How Artificial Intelligence and the robotic revolution will change the workplace of tomorrow

How Artificial Intelligence and the robotic revolution will change the workplace of tomorrow

The workplace is going to look drastically different ten years from now. The coming of the Second Machine Age is quickly bringing massive changes along with it. Manual jobs, such as lorry driving or house building are being replaced by robotic automation, and accountants, lawyers, doctors and financial advisers are being supplemented and replaced by high level artificial intelligence (AI) systems.

So what do we need to learn today about the jobs of tomorrow? Two things are clear. The robots and computers of the future will be based on a degree of complexity that will be impossible to teach to the general population in a few short years of compulsory education. And some of the most important skills people will need to work with robots will not be the things they learn in computing class.

There is little doubt that the workforce of tomorrow will need a different set of skills in order to know how to navigate a new world of work. Current approaches for preparing young people for the digital economy are based on teaching programming and computational thinking. However, it looks like human workers will not be replaced by automation, but rather workers will work alongside robots. If this is the case, it will be essential that human/robot teams draw on each other’s strengths.

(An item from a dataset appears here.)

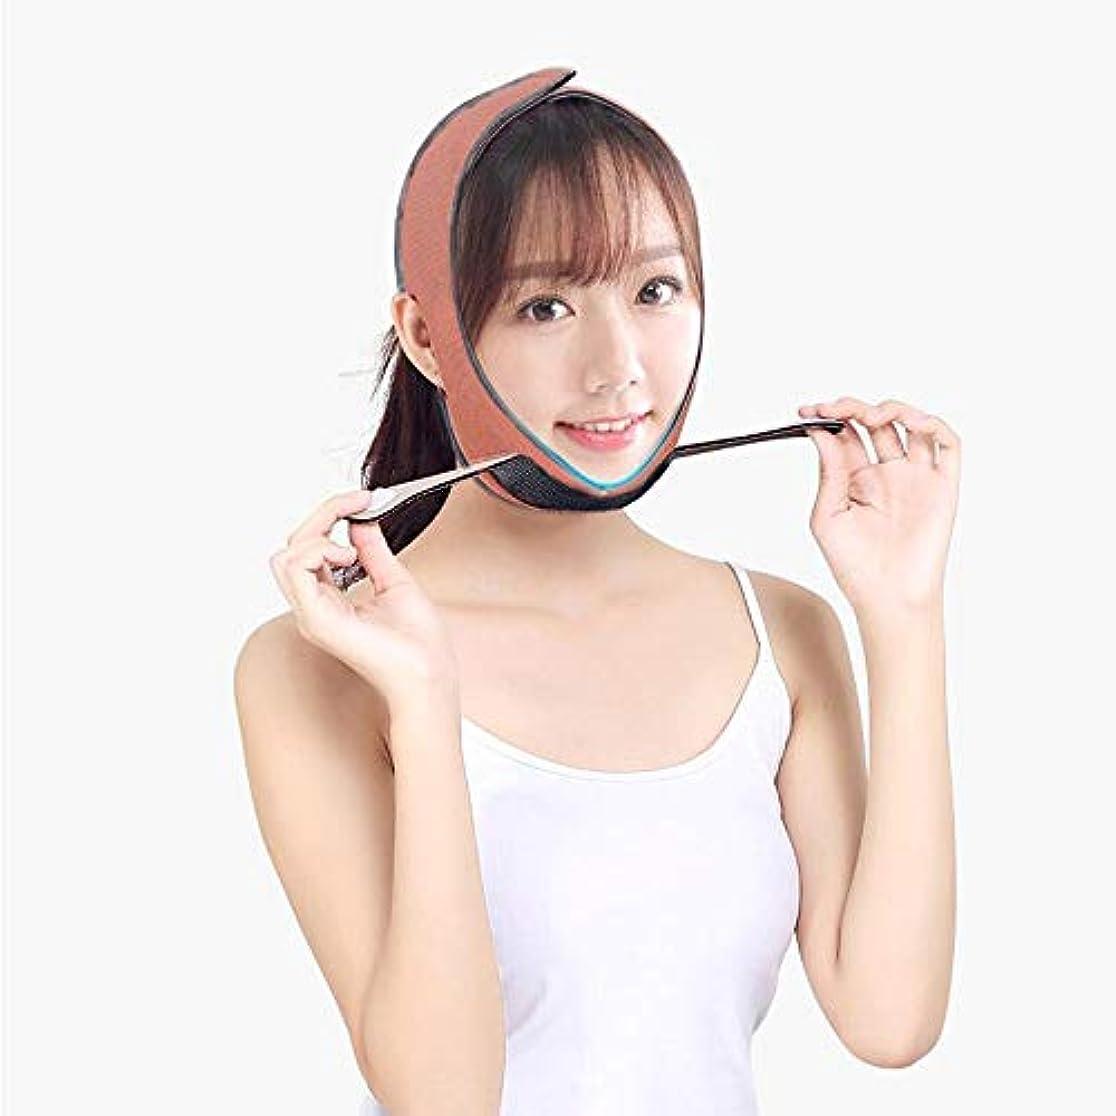 カフェテリアスイス人試用フェイシャルリフティングスリミングベルト - 薄いフェイス包帯Vフェイス包帯マスクフェイシャルマッサージャー無料整形マスク顔と首の顔を引き締めますスリム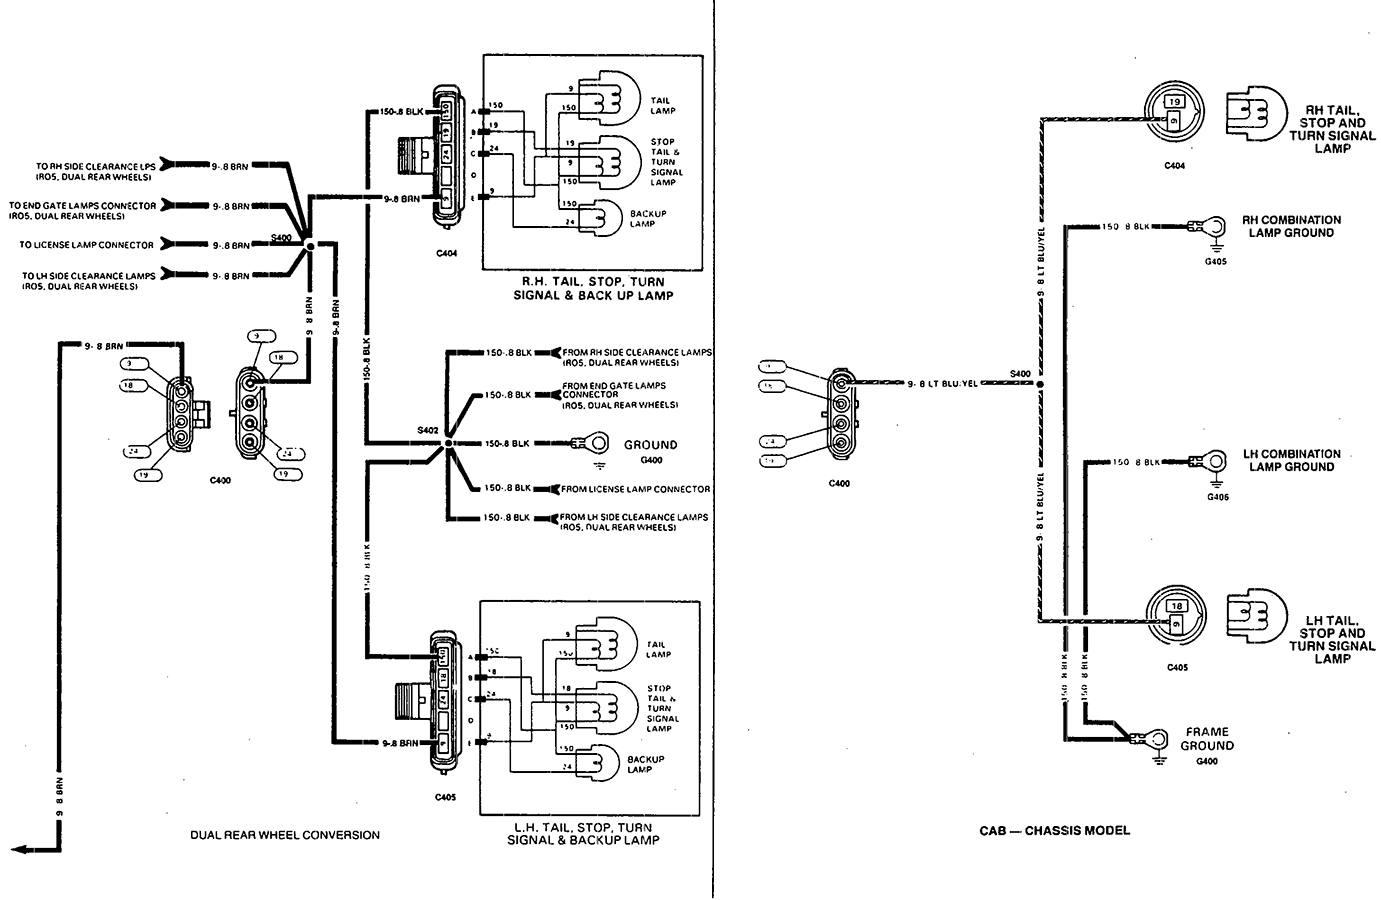 2004 Chevy Silverado Trailer Wiring Diagram

The current UK computing curriculum is not preparing young people for a future of working alongside robots. The curriculum is based around computational thinking and programming. These skills should help pupils understand and use computers. But the reality is the skills and concepts pupils are learning will not prepare them for a robotic future.

It is hard to see why pupils will need to be able to convert numbers between binary and decimal or write programs using the computer language python. After all, the majority of students won’t be growing up to build or program robots but rather to work with and rely on them. They need to know how and when the robots will go wrong, not necessarily how to build and fix them.